French musician (1922–1991)

Robert Veyron-Lacroix (13 December 1922 in Paris - 2 April 1991 in Garches (Hauts-de-Seine)) was a French harpsichordist and pianist whose post-war career was defined by his musical partnership with the celebrated French flautist Jean-Pierre Rampal.

==Early life==
He was the son of an industrialist and revealed his talent at an early age. He studied with Marcel Samuel-Rousseau and Yves Nat at the Conservatoire de Paris, winning first prizes for piano, harpsichord, harmony, counterpoint, accompaniment, solfeggio, and theory.

==Career==
He made his French Radio debut in 1949 and pursued a career as a soloist, both in chamber music, and with orchestras.

He was a regular performer at numerous festivals in Europe and toured Africa, America, and the Far East.

Veyron-Lacroix's technical assurance and sensitive musicianship helped to create a rewarding partnership in the immediate post-war years with Jean-Pierre Rampal. From their first major public recital together—at the Salle Gaveau in Paris in 1949, at a time when whole concerts for flute and piano were unfashionable—they went on to perform together around the world for over thirty years and won many awards for their recordings. In the early 1980s, owing to ill-health, Veyron-Lacroix retired from their partnership, and Rampal forged a new duo with American pianist John Steele Ritter.

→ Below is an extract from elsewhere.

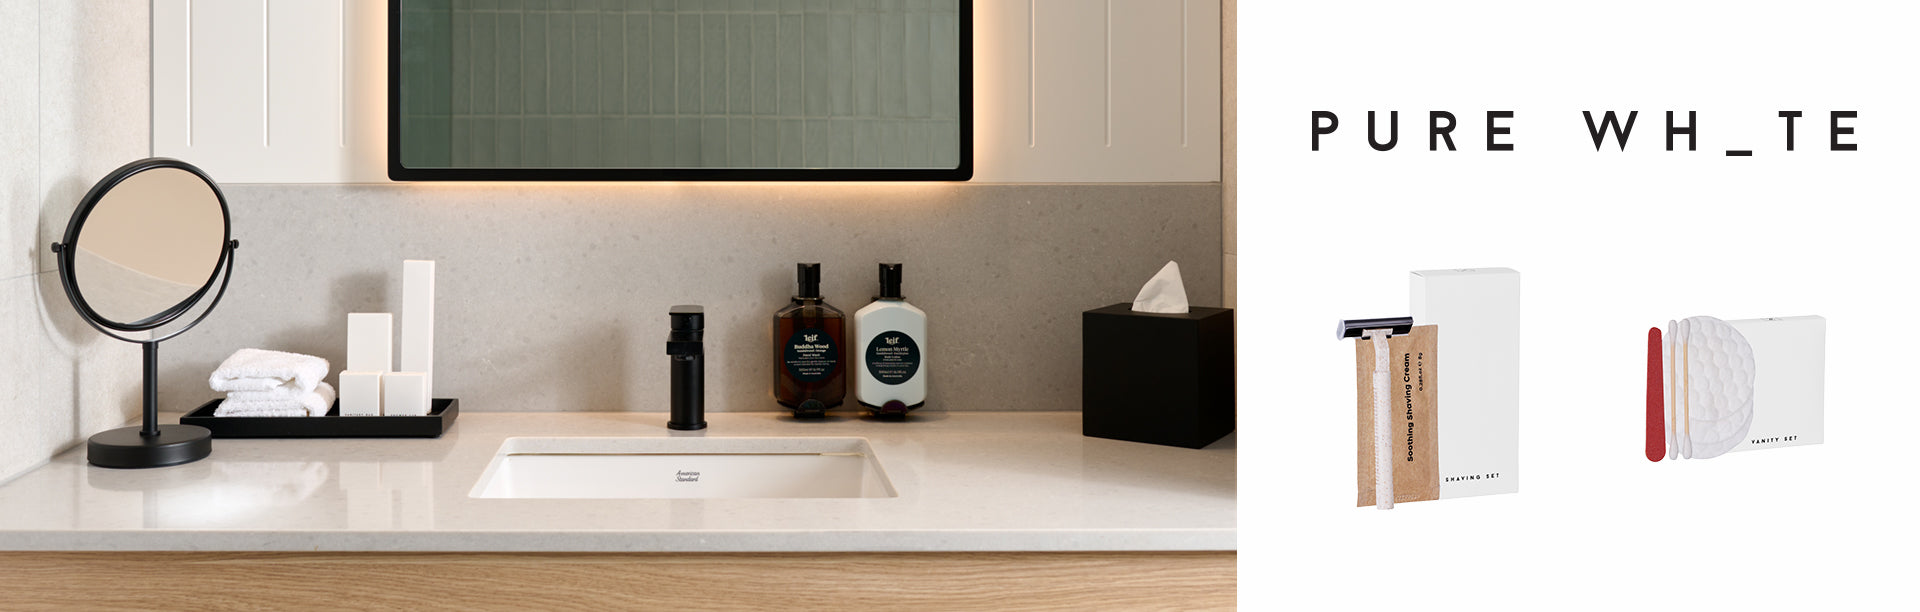 Swisstrade Hotel Bathroom Biodegradable Pure White Accessories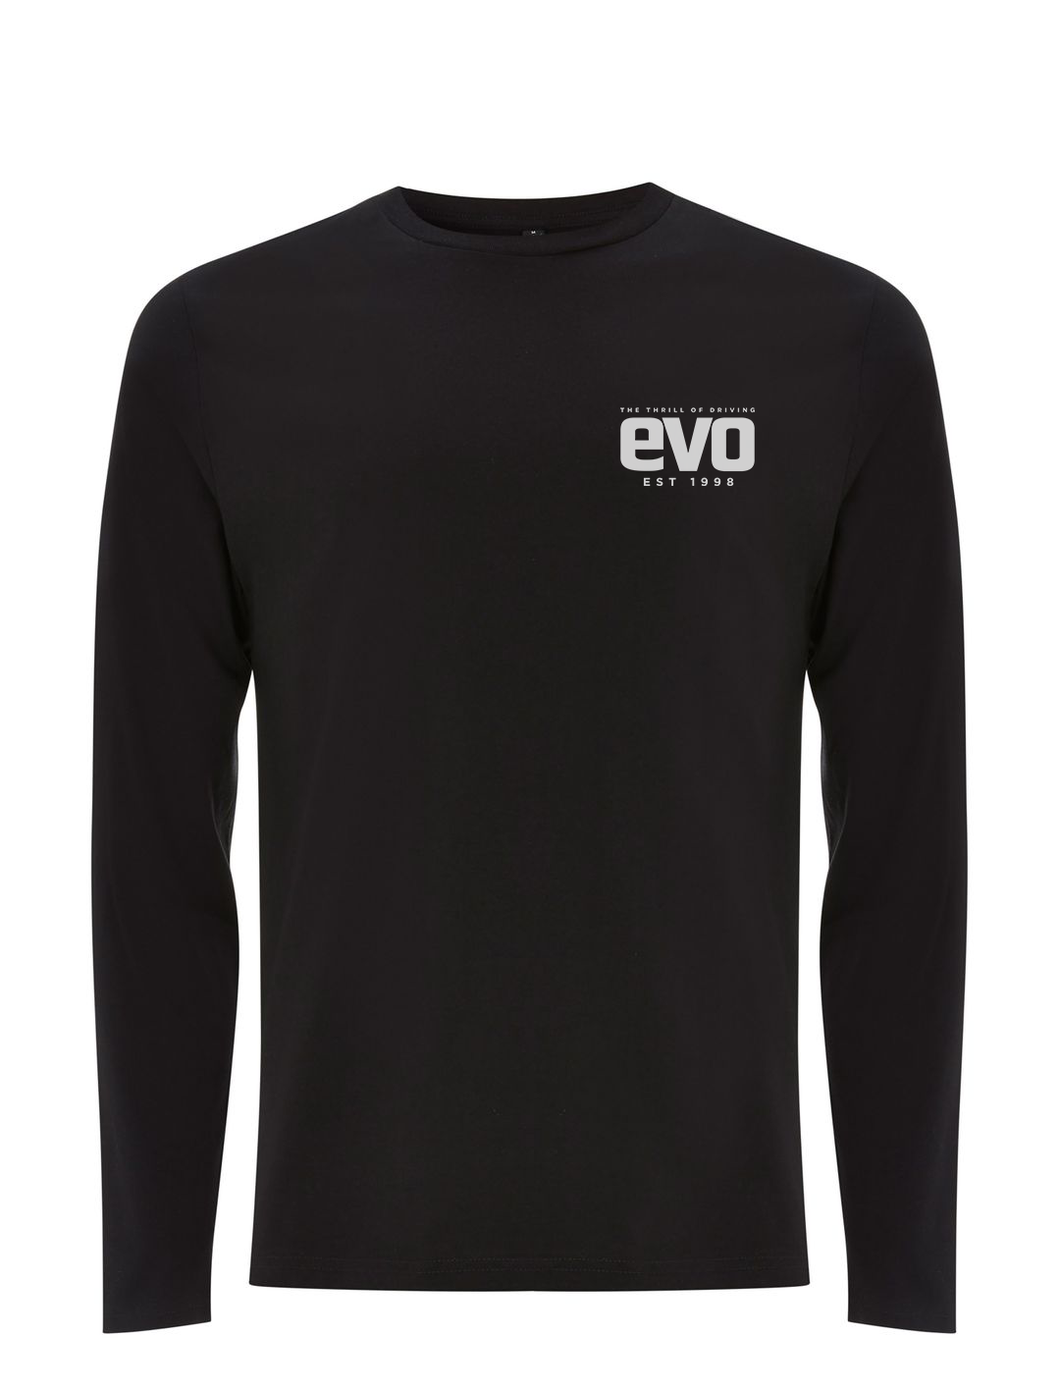 evo Earth Positive Premium Unisex Long Sleeve T Shirt

He created many contemporary works, including the Concerto pour clavecin et orchestra by Jean Françaix, concertos by Jean-Michel Damase and Darius Milhaud, a sonata for flute and piano by André Jolivet, and pieces by Maurice Ohana, Jacques Charpentier and Tony Aubin.

==Teaching==
He taught at the Schola Cantorum in Paris starting in 1956, and at the Académie internationale d'été de Nice starting in 1959 and was a professor at the Paris Conservatoire from 1967 to 1988. In 1955 he published a book entitled Recherche de musique ancienne.

==Recordings and awards==
Veyron-Lacroix's recordings include Bach keyboard music, Haydn's keyboard concertos, keyboard sonatas by Cimarosa, the Falla harpsichord concerto, Poulenc's Concert champêtre and the Roussel Divertissement Op.6. His solo recordings won the Grand Prix du Disque in 1954, 1955, 1960, 1964, and 1965.